====== Exercise data ======
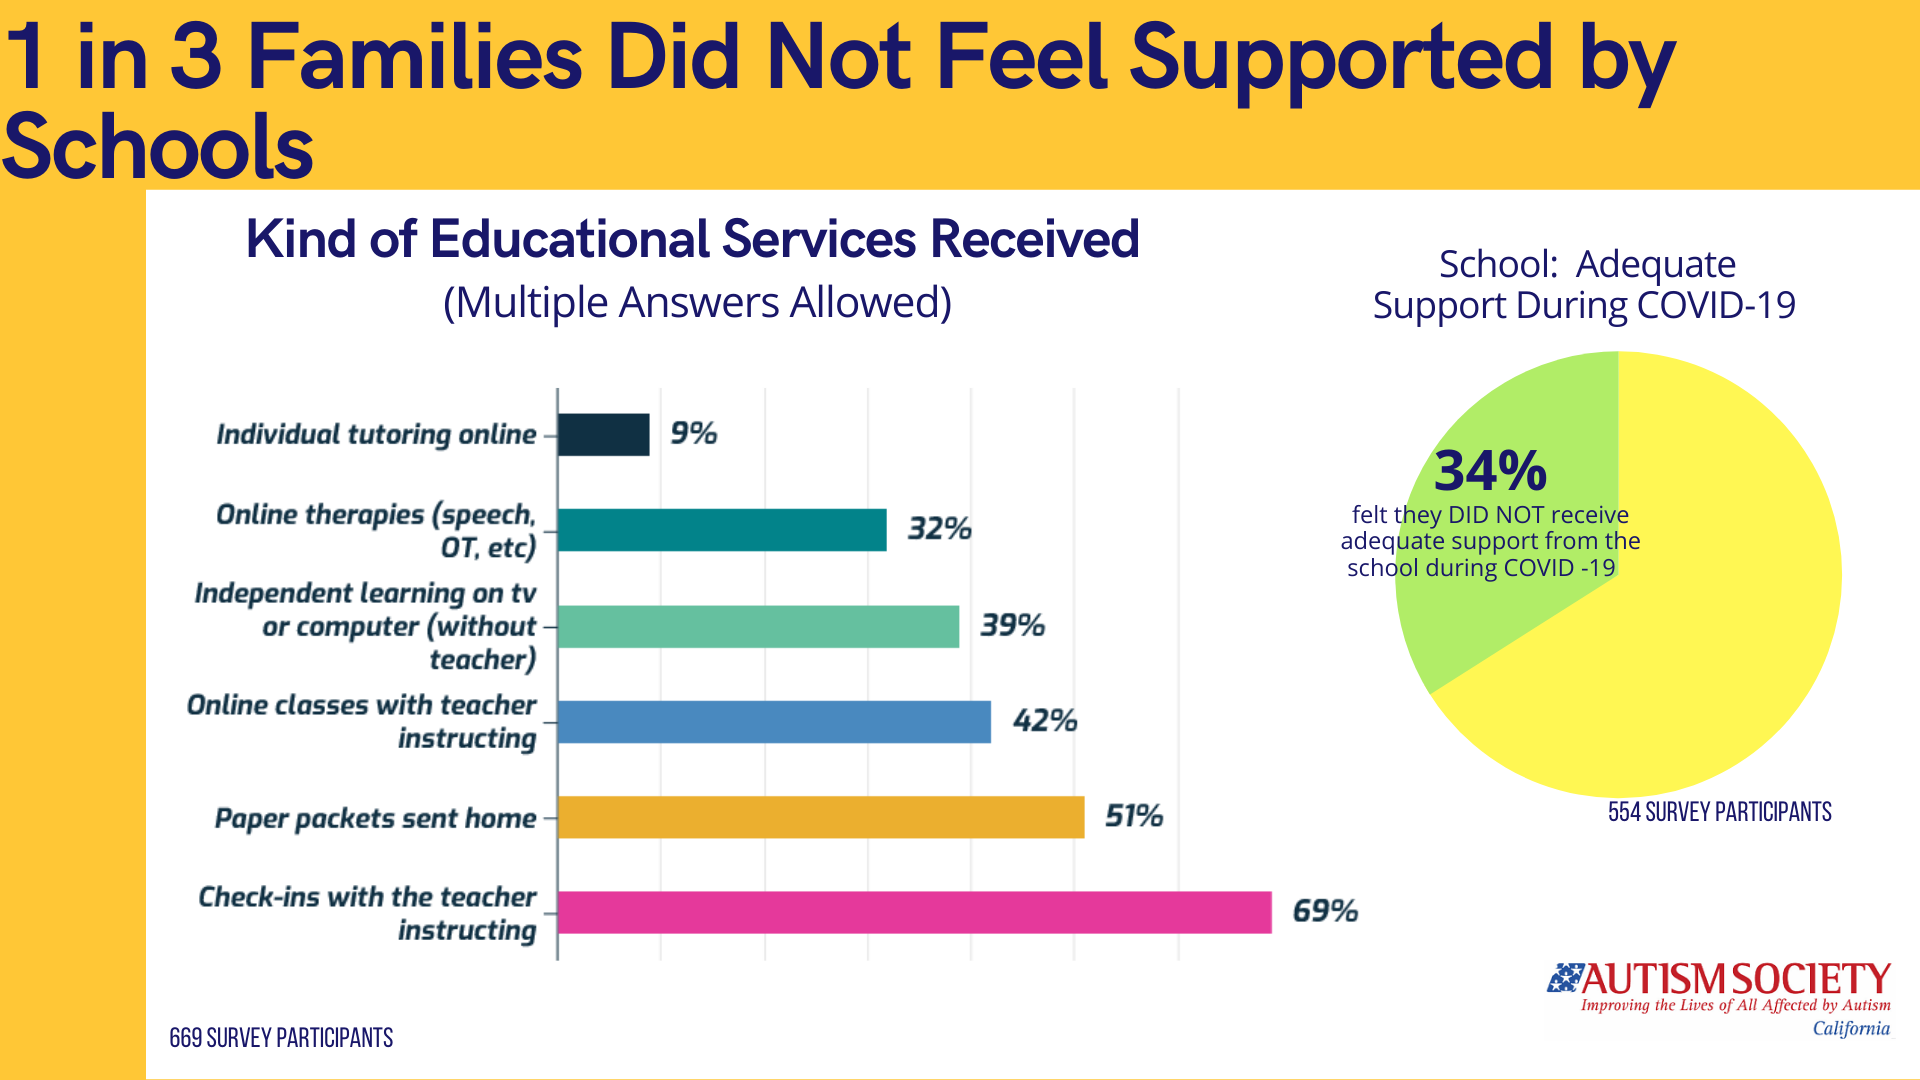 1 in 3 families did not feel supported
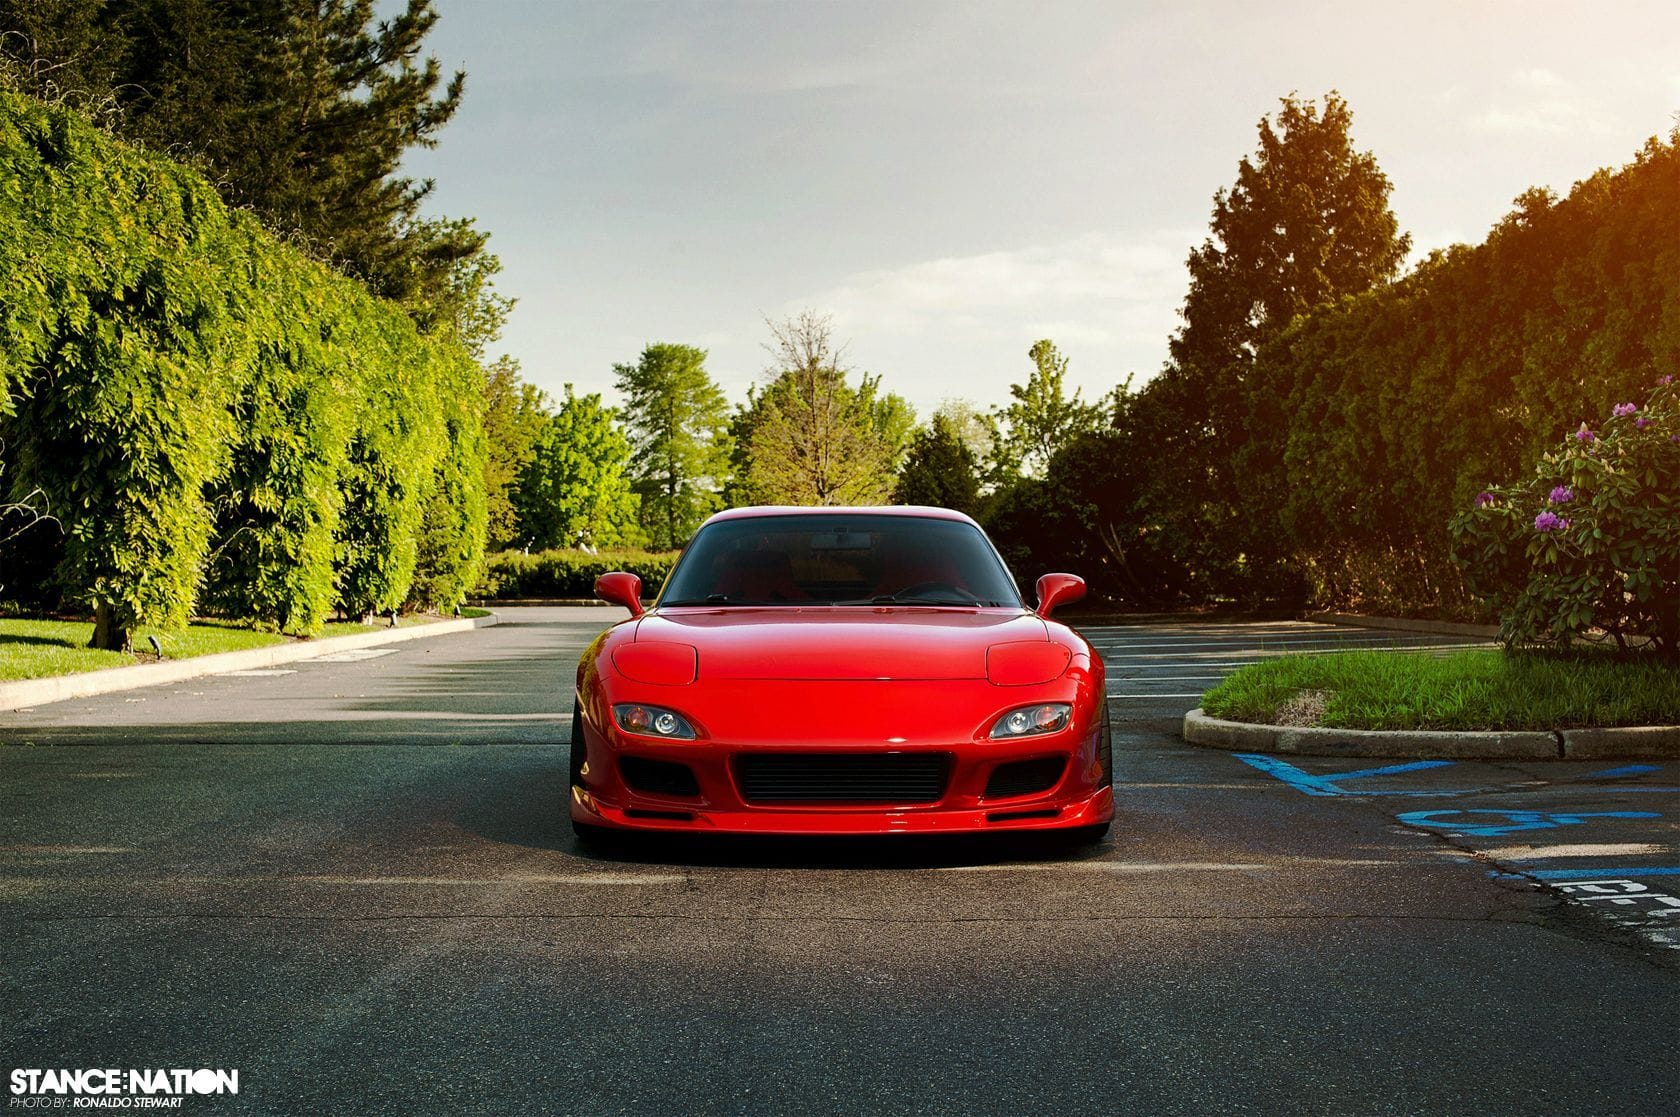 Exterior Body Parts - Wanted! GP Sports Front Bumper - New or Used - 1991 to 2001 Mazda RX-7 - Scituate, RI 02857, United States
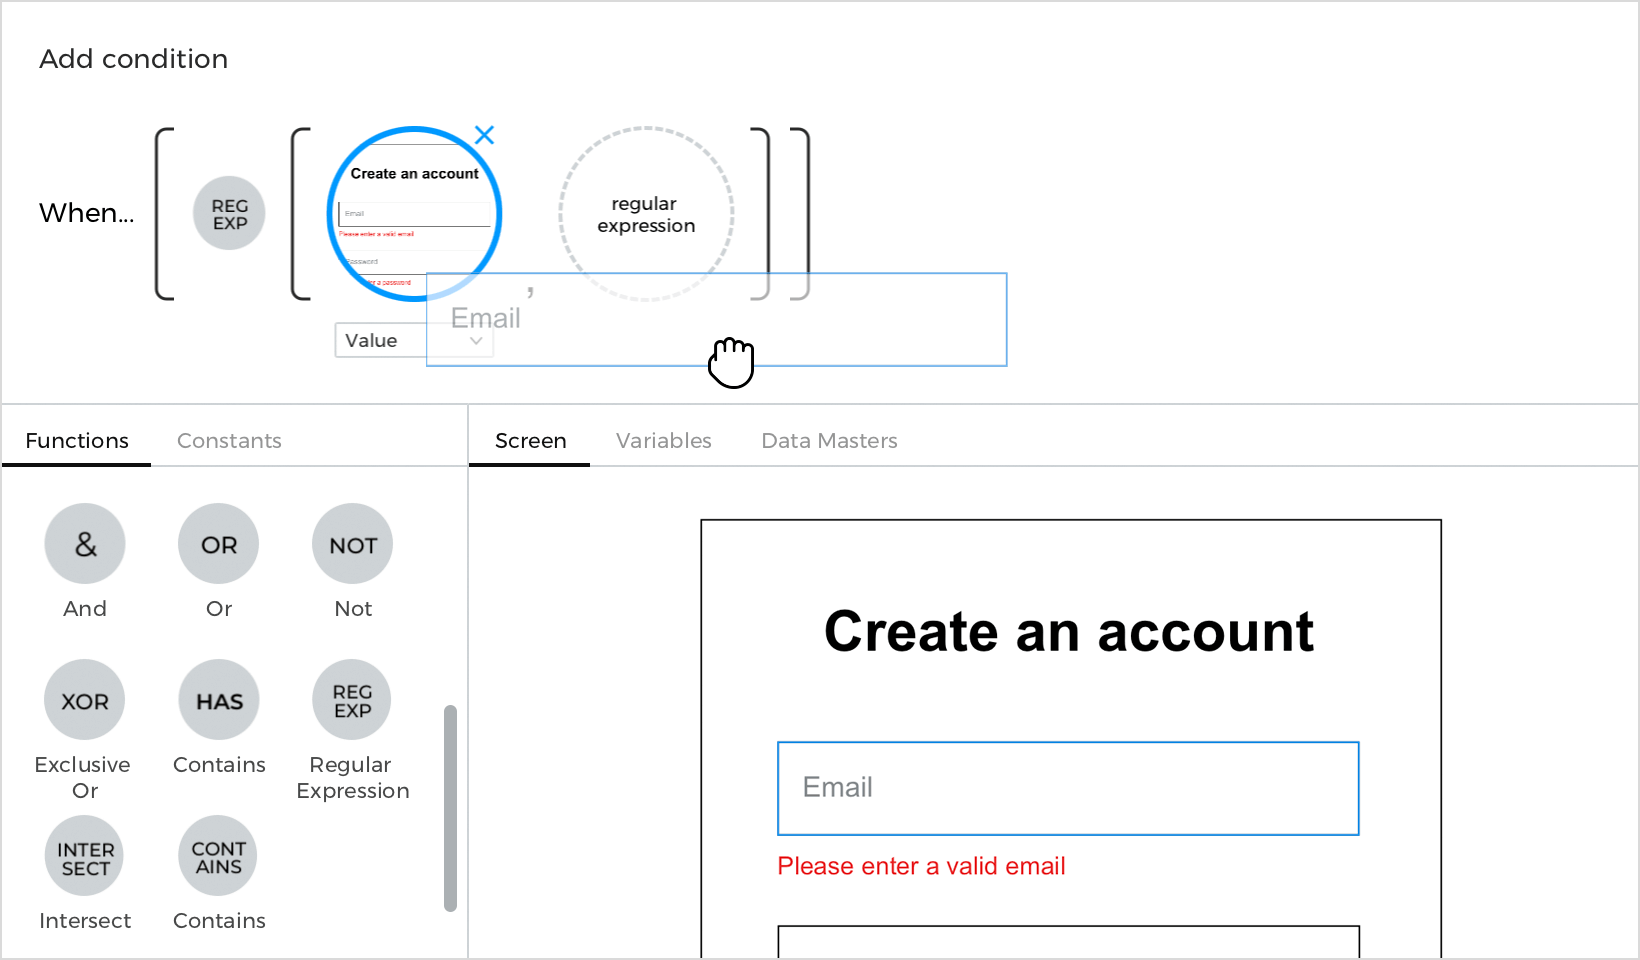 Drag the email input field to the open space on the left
======
Instructions to follow:
Could you reproduce the data above exactly, without its pictures?

Reply:
 1 in 3 families did not feel supported
 Exterior Body Parts - Wanted! GP Sports Front Bumper - New or Used - 1991 to 2001 Mazda RX-7 - Scituate, RI 02857, United States
 Drag the email input field to the open space on the left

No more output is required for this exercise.